と、さしあしして、すき合より覗きみれば、夢のうちに、我を追かけし侍なり。

 あやしさ、いはんかたなく、

「何事にて候。」

と尋けれぱ、

「われら、きの國坂の上より、ちやわんほどの火の玉を見つけて、あまりあやしく候間、切割(きりわら)んと存(ぞんじ)、刀をぬきけれぱ、此玉、人などの逃(にぐ)るごとく、坂をころびおちて、大路をまろび、此家の戶の間(あひだ)より、内へ入り候ひぬ。心得ずながら、行過(ゆきすぎ)候が、時分がら、火事にてもありては、外々(ほかほか)の難儀なるべしと、屆け置(おき)候なり、かはる事なくば、其分なり、。心をつけられよ。斷申(ことわりまうし)たるぞ。」

と云ひすてゝゆき、四、五間[やぶちゃん注:七~九メートルほど。]も行過て、聲よく、歌などうたひて、さりぬ。
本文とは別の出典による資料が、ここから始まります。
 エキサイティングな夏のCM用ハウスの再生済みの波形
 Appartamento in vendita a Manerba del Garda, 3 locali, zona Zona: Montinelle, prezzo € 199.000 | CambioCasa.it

「扨は。わが魂のうかれ出たるを、火の玉とみて、追はれし物ならん。あやぶかりし身の上かな。」

と、夫婦ともに神棚など拜して、その夜は日待(ひまち)同前に夜を明(あか)しぬ。

 夢は、晝のおもひ、夜の夢なれば、さる事あるべき道理はあるまじと思へど、天下の事、ことごとく理(り)を以て、はかりがたき事、此類(たぐひ)なり。是はうける事にあらず。しかも、いと近きもの語りなり。

[やぶちゃん注:最終部は少し意味をとり難い。「夢というものは、当人が昼の覚醒時に感じたことが、夜の夢となって現れるに過ぎないから、そのような怪異が起こったこととの因果関係はあるはずがあるまいとは思われるが、この世に起ることは、総てが論理的に考察し得、説明出来るものではないという事実こそ、こうした事例を物語るものである。されば、そうした怪異を理路整然と解釈することは受け入れられるものではない」という意味であろうととっておく。

 さても本篇は江戸市街の、筆者の今現に書いている折りの直近の怪異譚と言うことから、典型的なアーバン・レジェンド(都市伝説)であって、しかも、その怪異出来のロケーションが「紀伊の國坂」(グーグル・マップ・データ)であって、まさに「小泉八雲 貉 (戸川明三訳) 附・原拠「百物語」第三十三席(御山苔松・話)」(リンク先は私の原拠附きの電子化注)で知られた強力なゴースト・スポットであることからも、民俗社会的には定番とも言える話ではある(但し、何らの新味もなく、ちょっとしょぼいのが残念であるが)。なお、先行する私の『柴田宵曲 續妖異博物館 「ノツペラポウ」 附 小泉八雲「貉」原文+戸田明三(正字正仮名訳)』では、小泉八雲の原文も電子化してあるので参照されたい。]